Only some lines are wanted: please transcribe exactly those from the one containing "Porta scopino wc" through the end of the data, pictures excluded.

Stored data:
<<<<
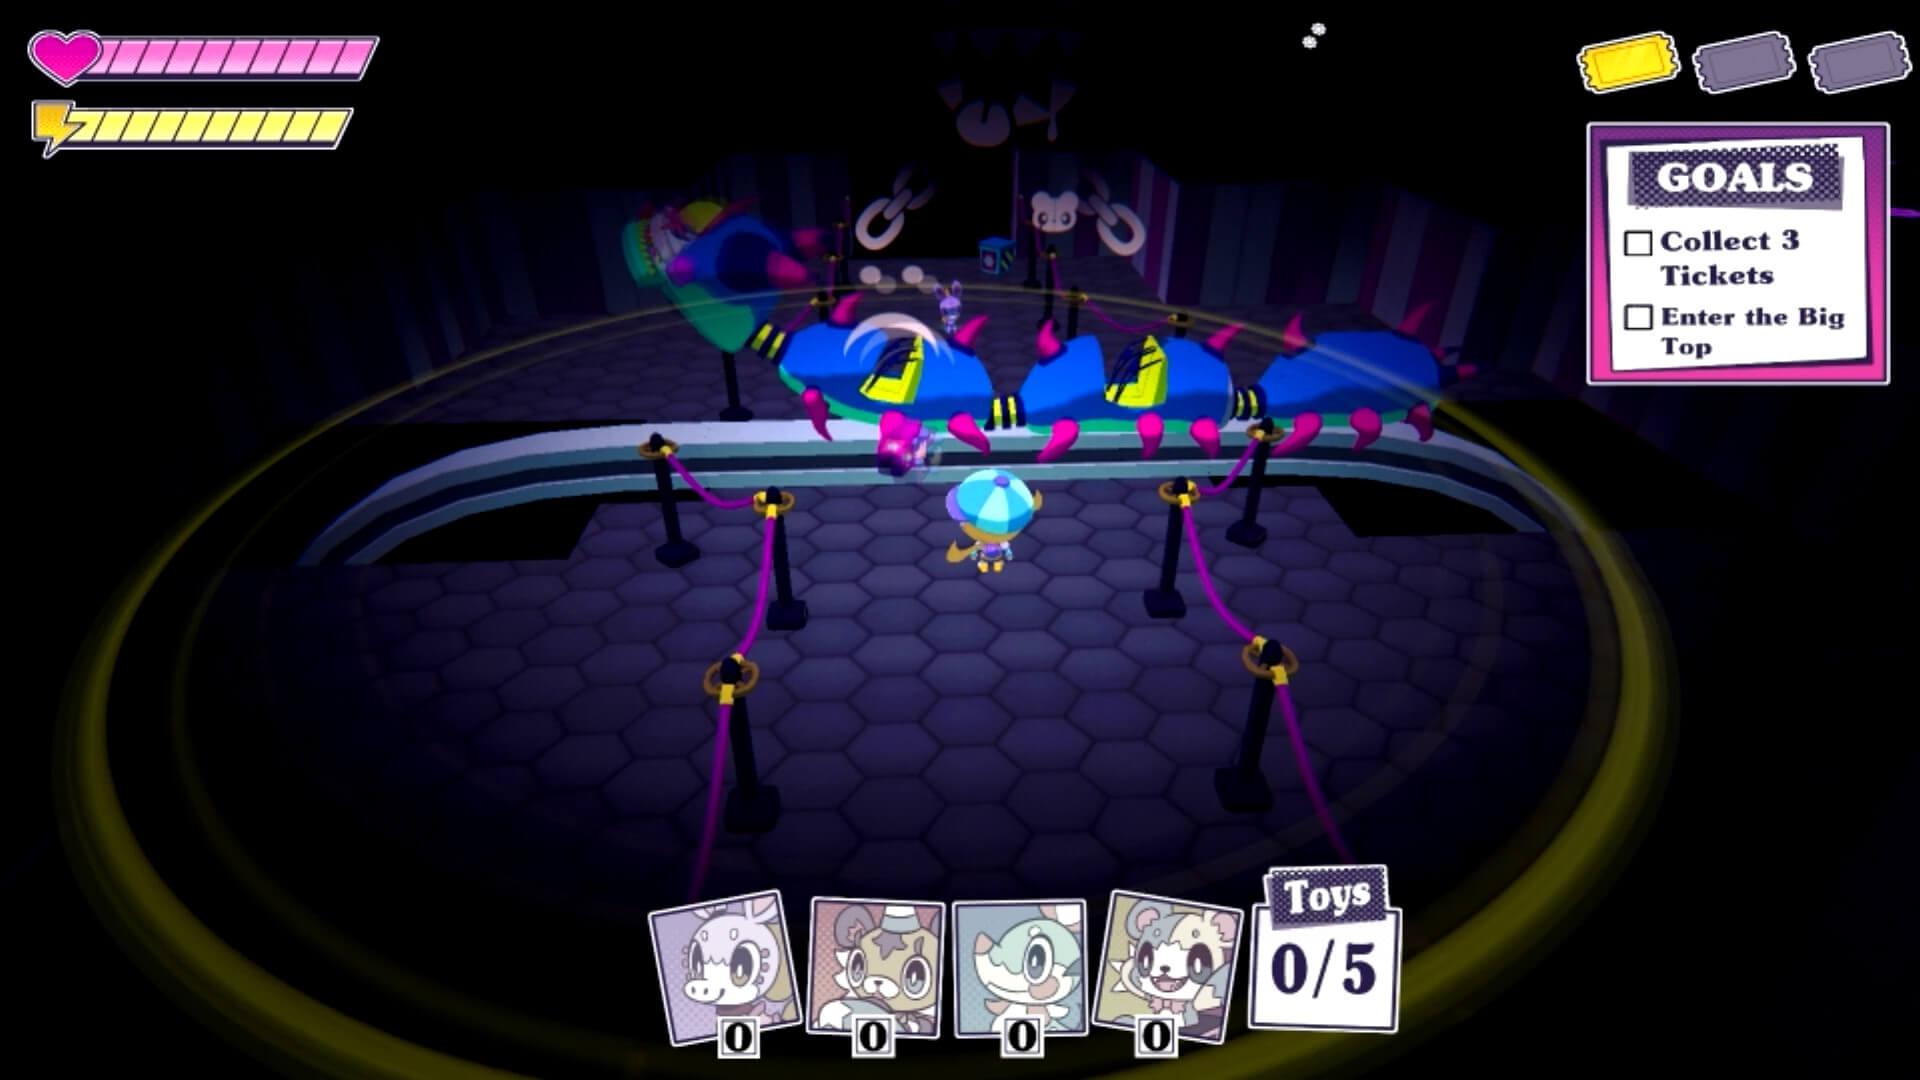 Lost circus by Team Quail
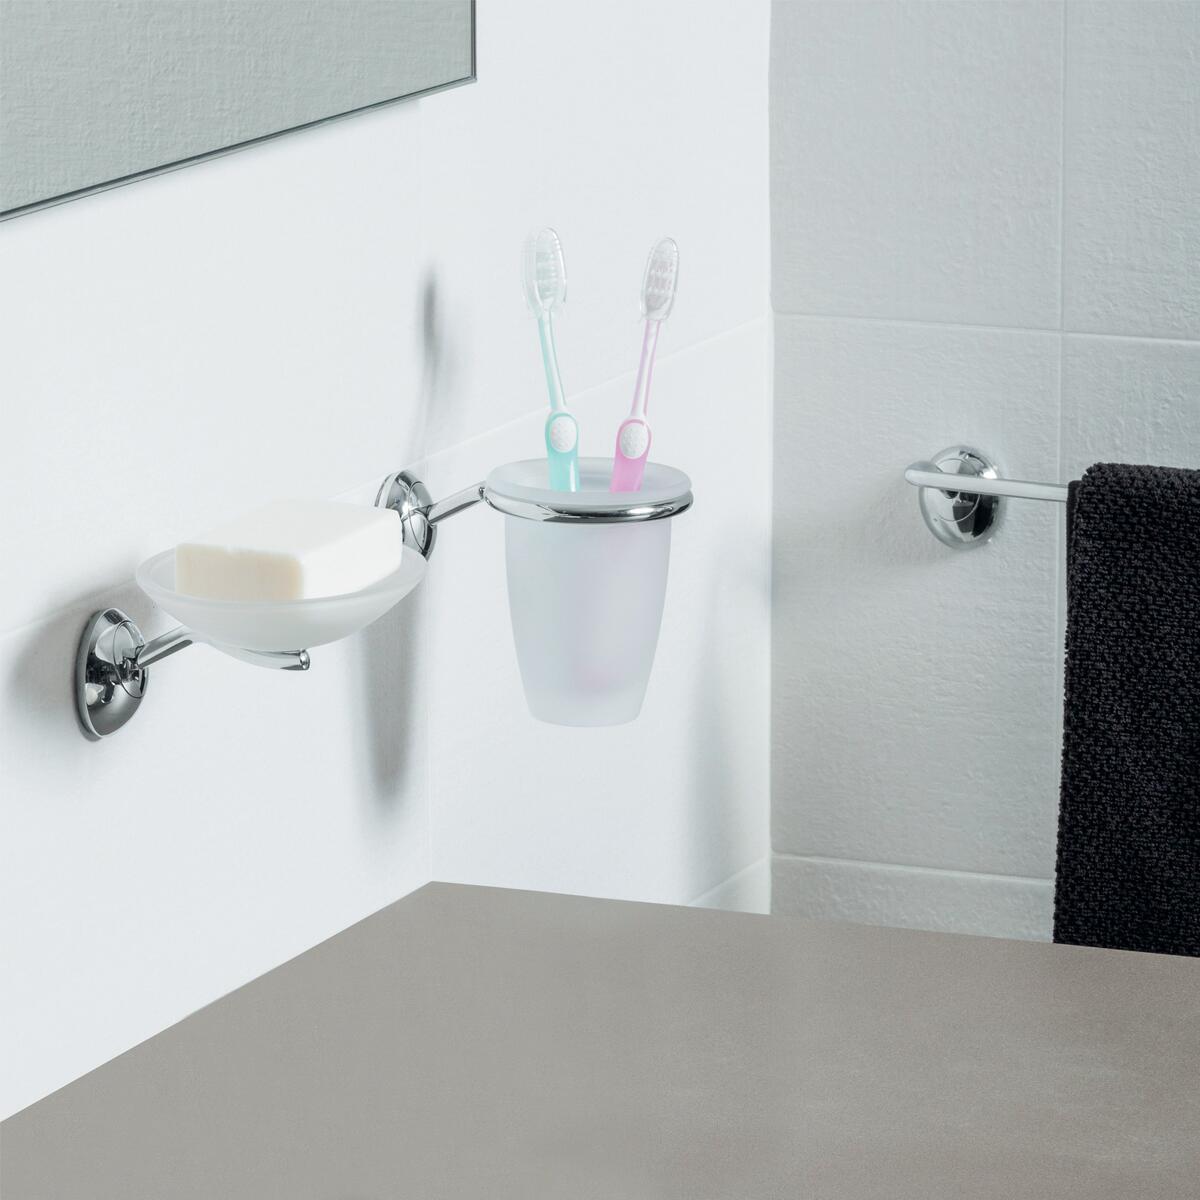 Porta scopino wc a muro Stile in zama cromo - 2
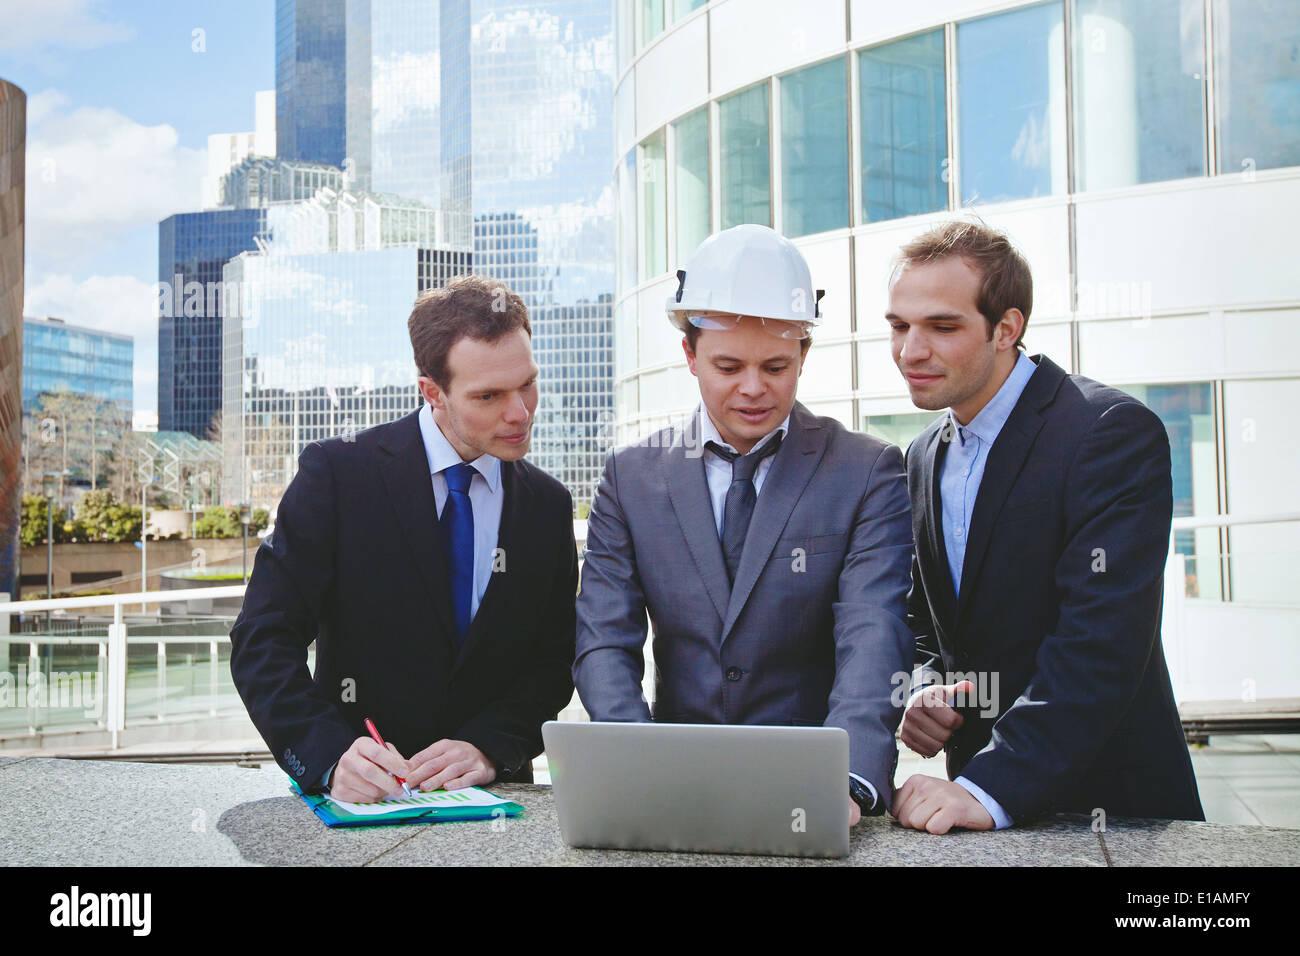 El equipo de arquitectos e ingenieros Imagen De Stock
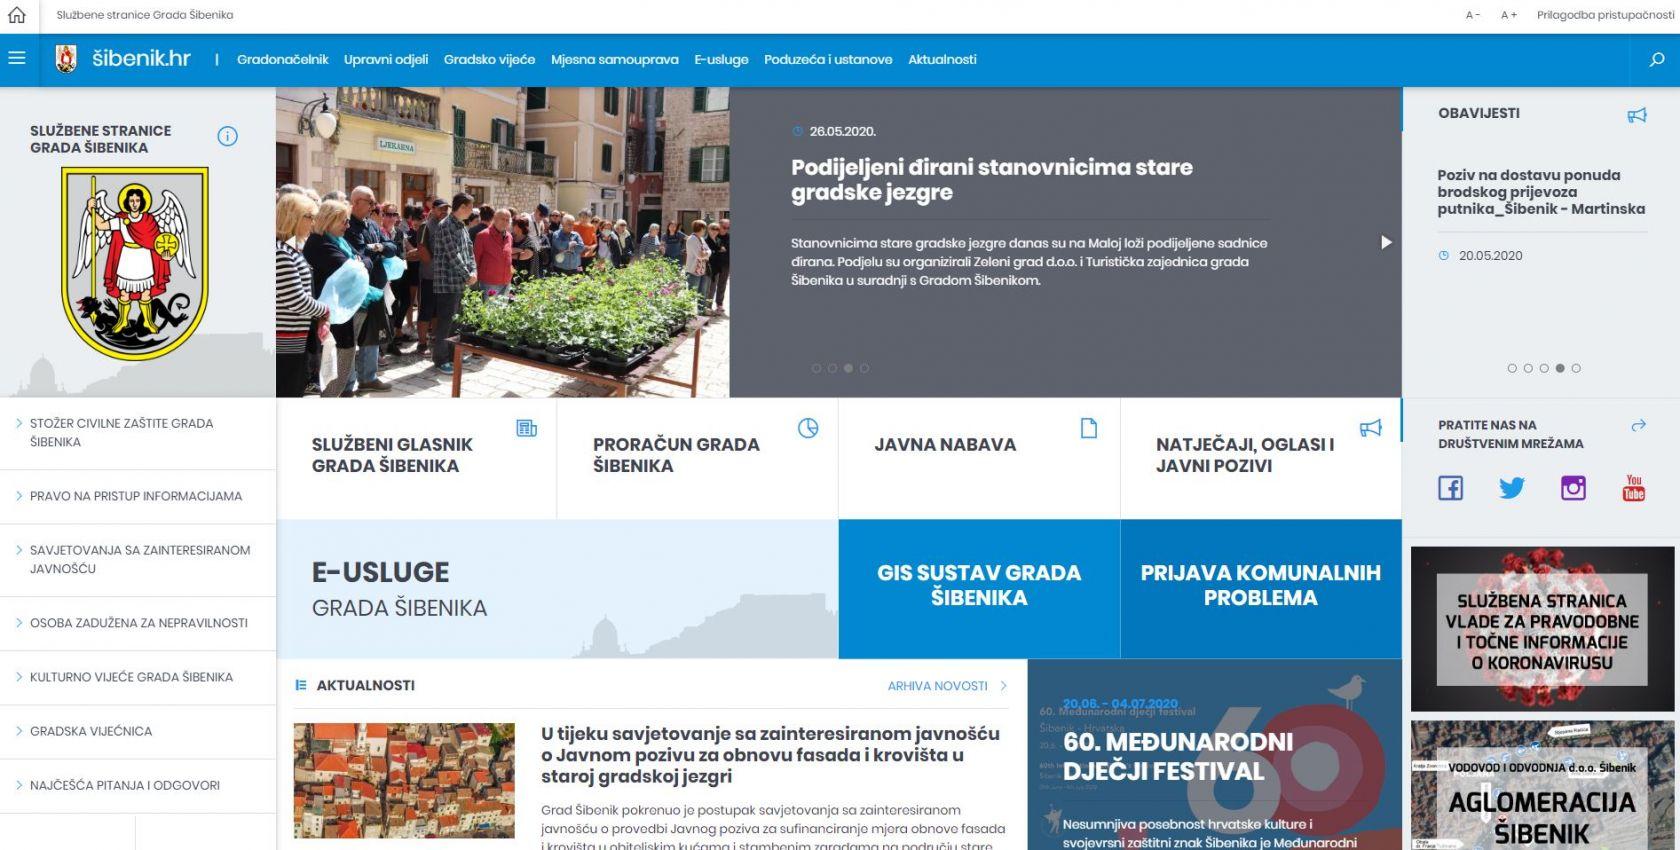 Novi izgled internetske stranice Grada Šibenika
>>>>
Answer space:
 Porta scopino wc a muro Stile in zama cromo - 2
 El equipo de arquitectos e ingenieros Imagen De Stock
 Novi izgled internetske stranice Grada Šibenika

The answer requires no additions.